== Try it ==
Set each record down exactly, excluding all images.

Stored dataset items
==========
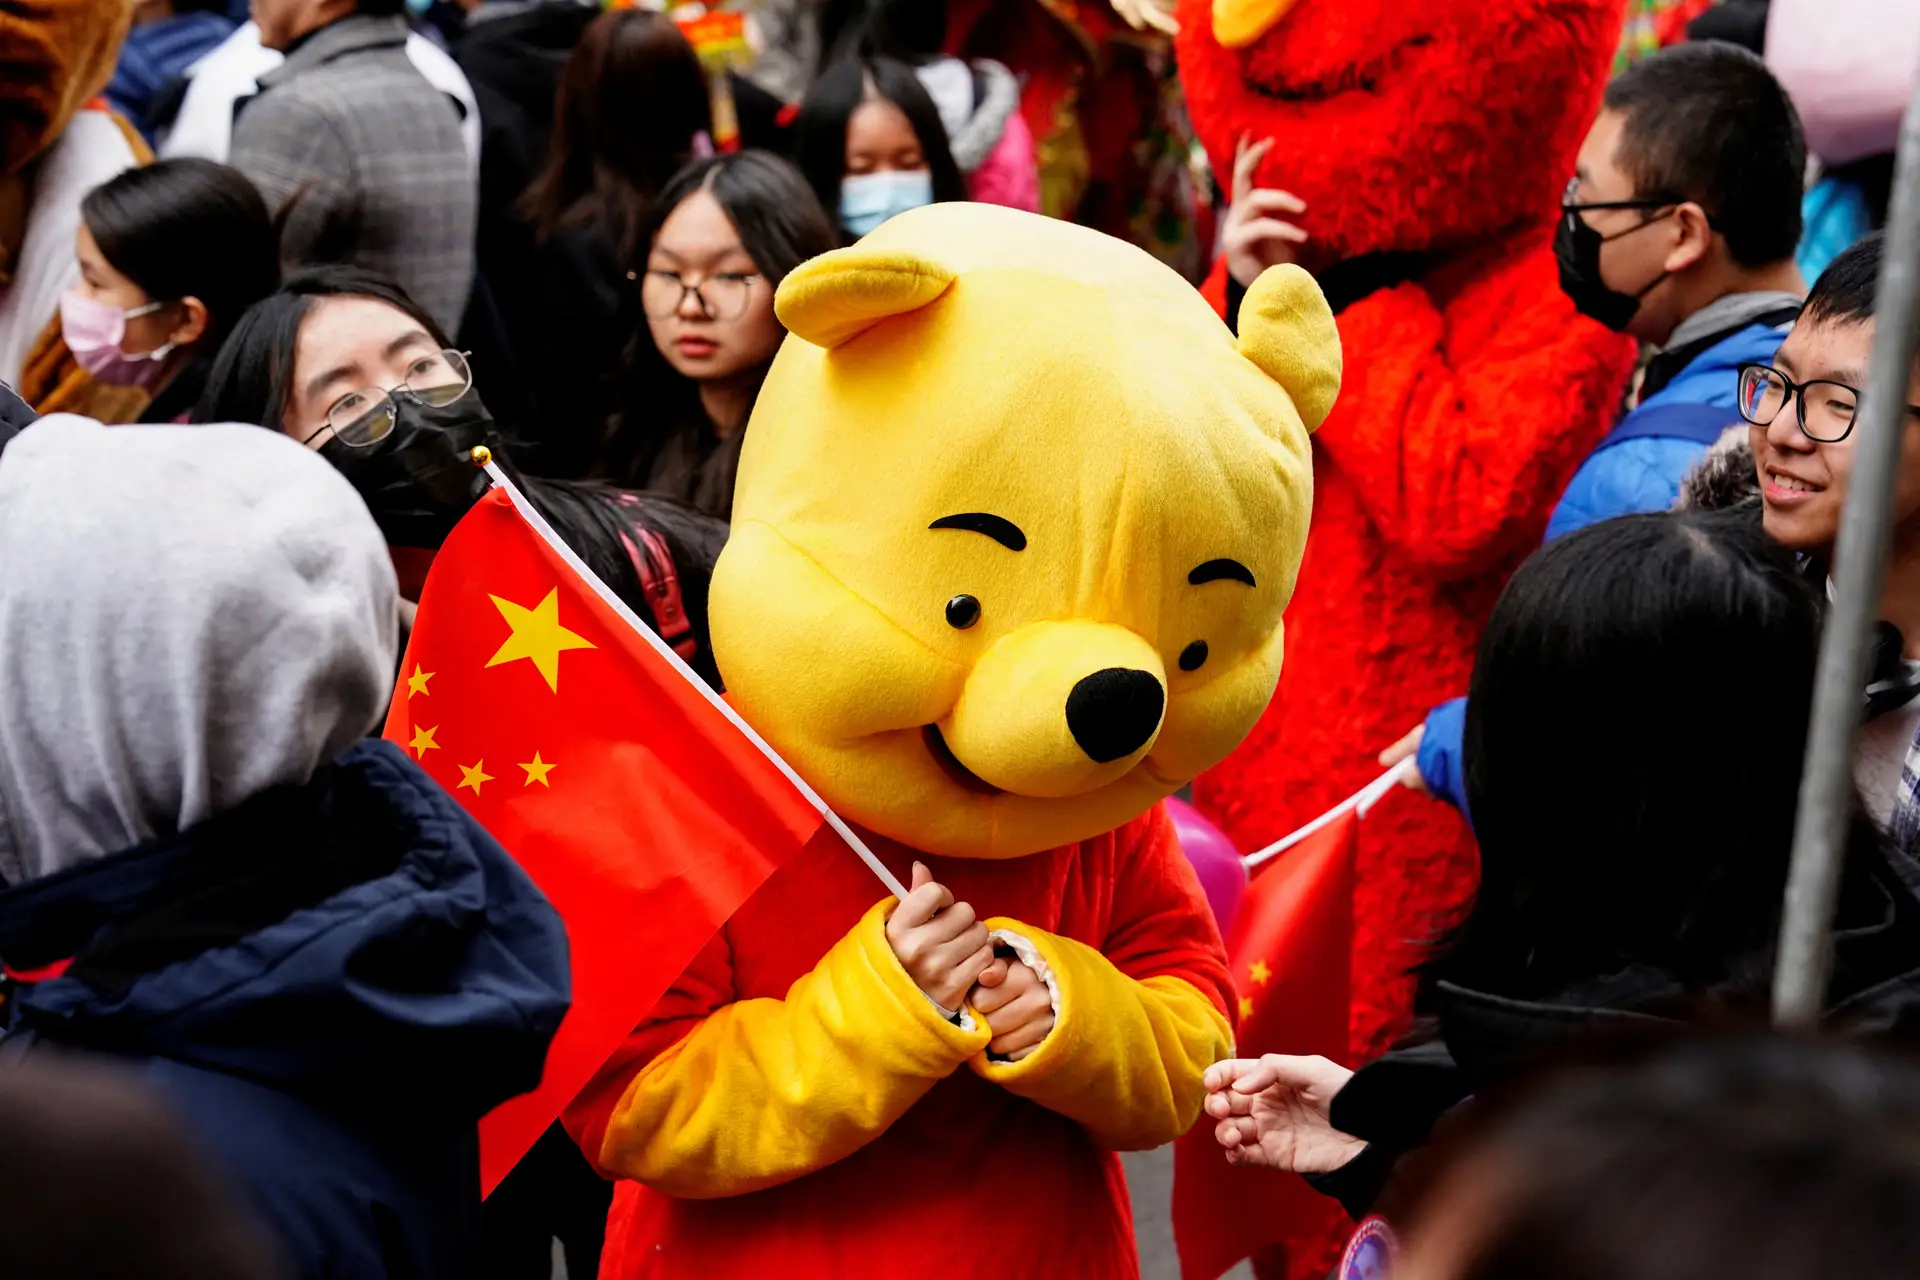 Filme de terror sangrento com Ursinho Pooh foi cancelado em Hong Kong
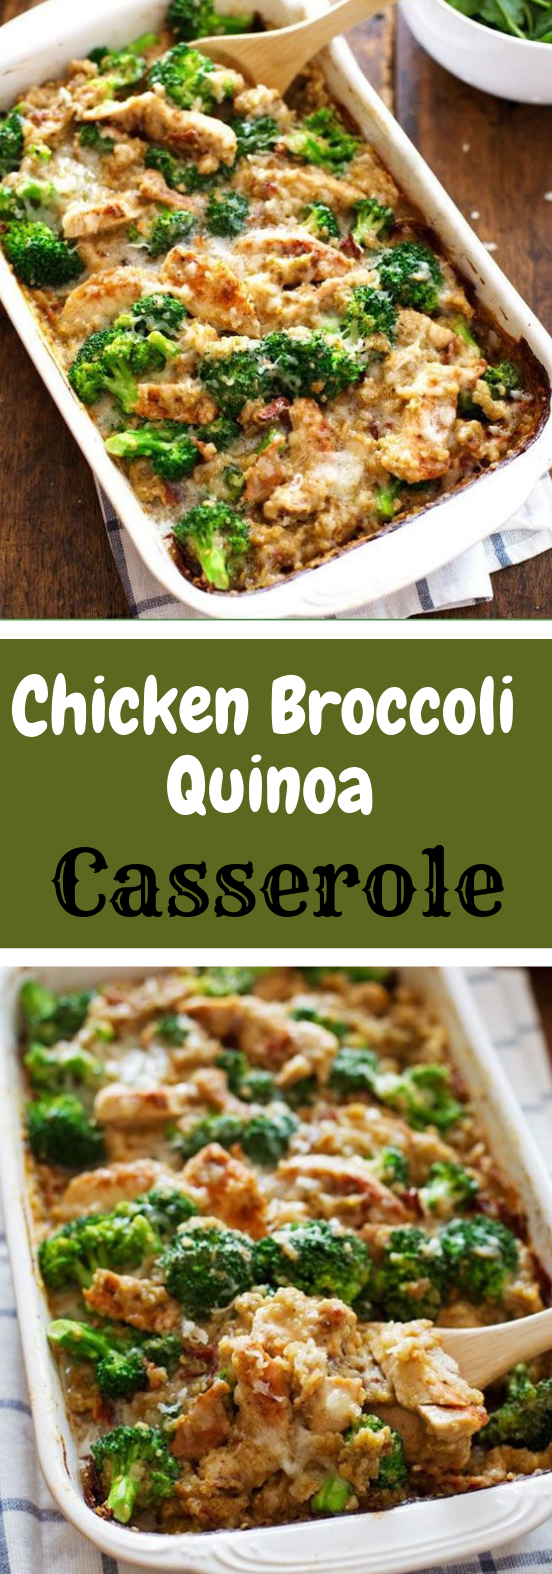 creamy chicken quinoa and broccoli casserole #dinner #recipecooking
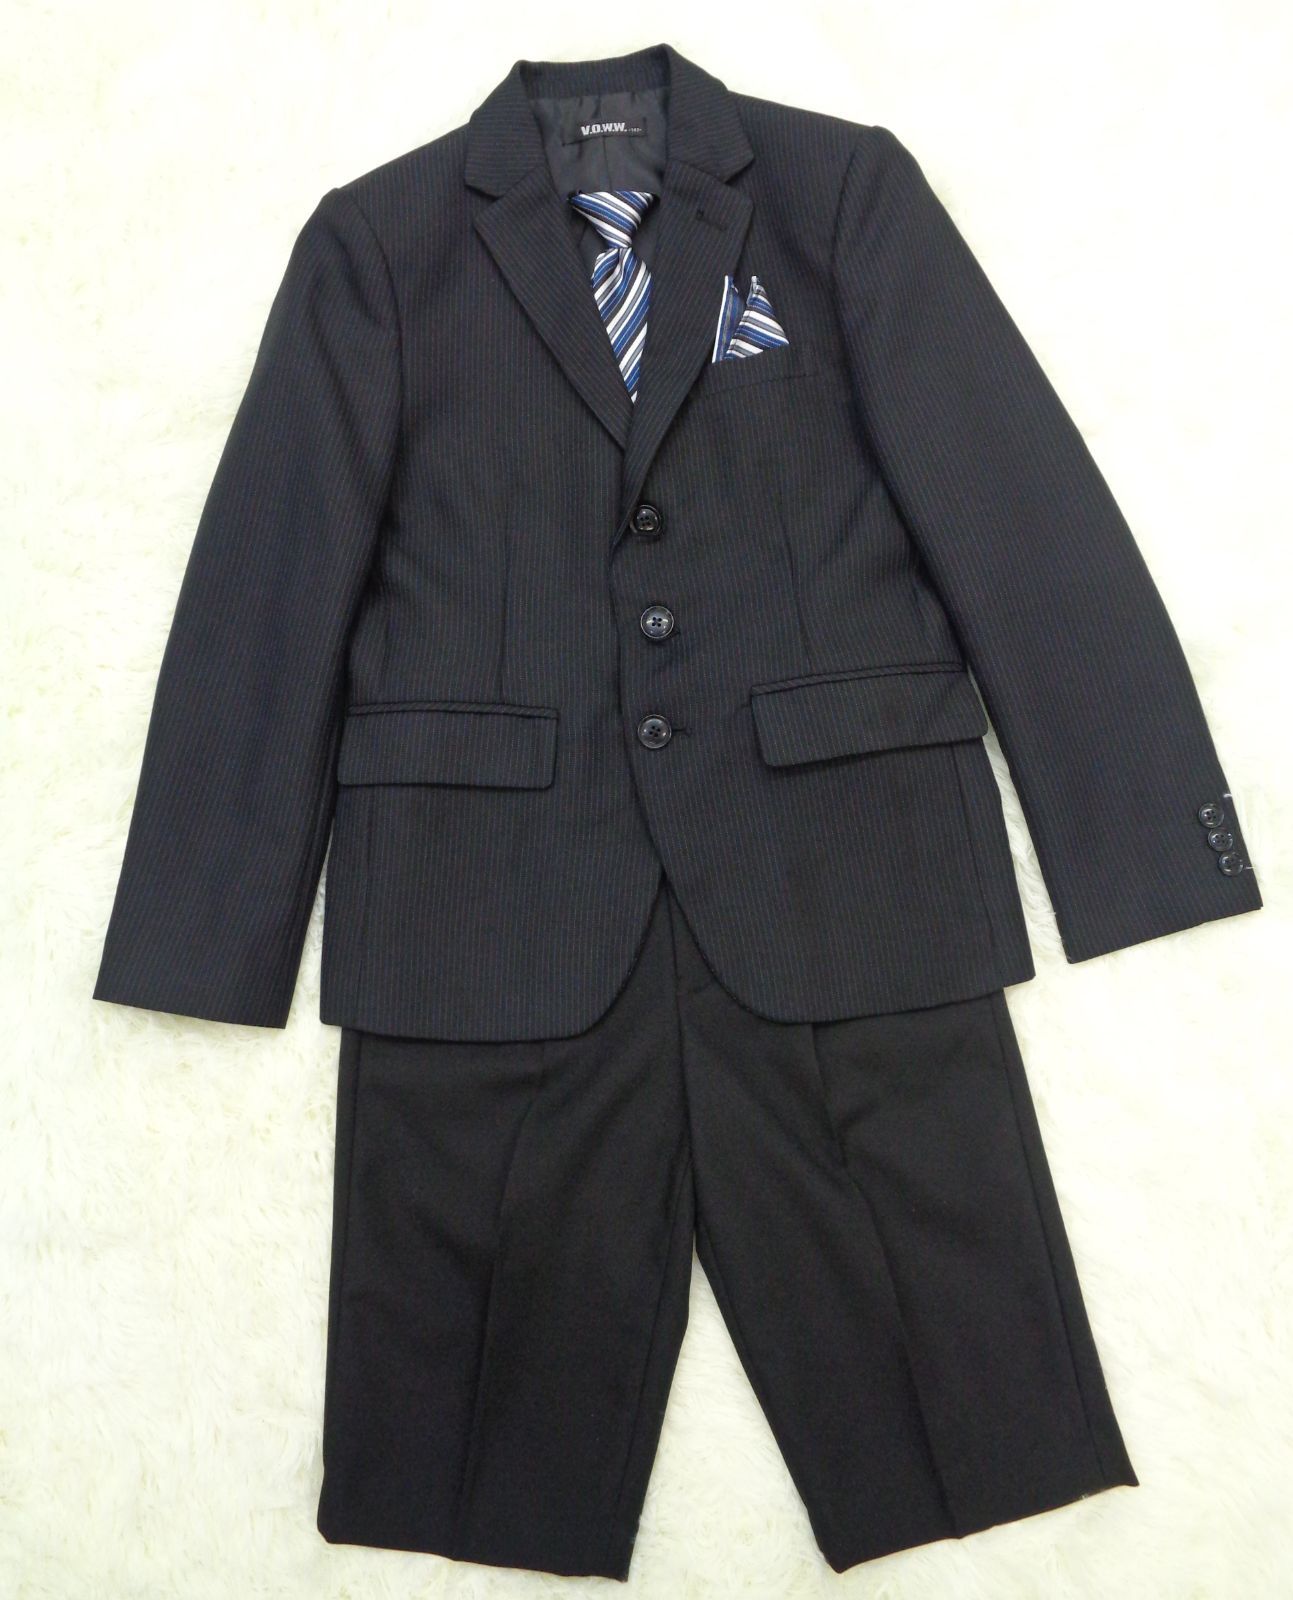 ◇入学◇ V.O.W.W 男の子 フォーマルスーツ - フォーマル・ドレス・スーツ
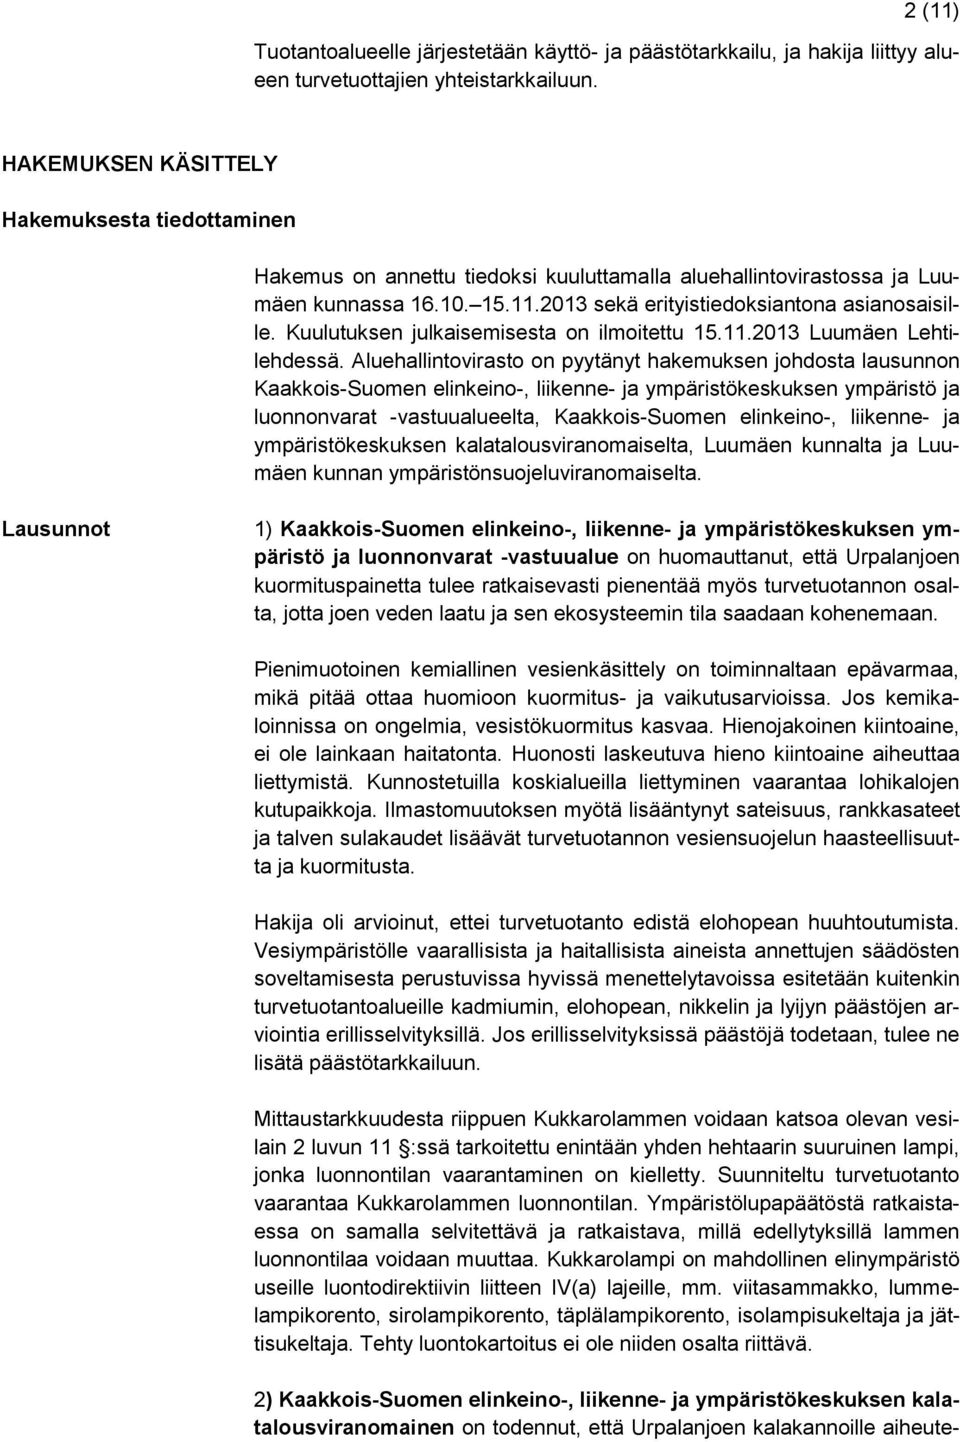 Kuulutuksen julkaisemisesta on ilmoitettu 15.11.2013 Luumäen Lehtilehdessä.
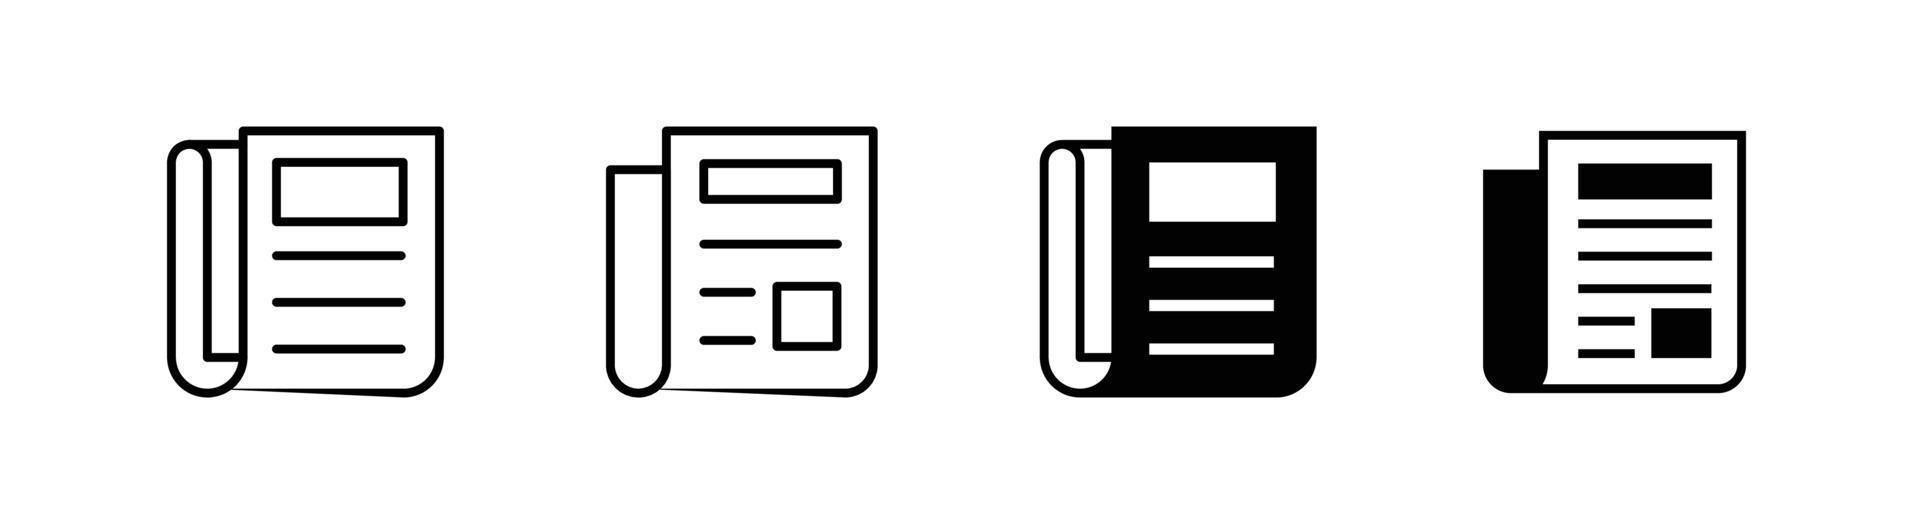 elemento de design de ícone de jornal adequado para sites, design de impressão ou aplicativo vetor
==========
== Written reply ==
 Filme de terror sangrento com Ursinho Pooh foi cancelado em Hong Kong
 creamy chicken quinoa and broccoli casserole #dinner #recipecooking
 ◇入学◇ V.O.W.W 男の子 フォーマルスーツ - フォーマル・ドレス・スーツ
 Kuulutuksen julkaisemisesta on ilmoitettu 15.11.2013 Luumäen Lehtilehdessä.
 elemento de design de ícone de jornal adequado para sites, design de impressão ou aplicativo vetor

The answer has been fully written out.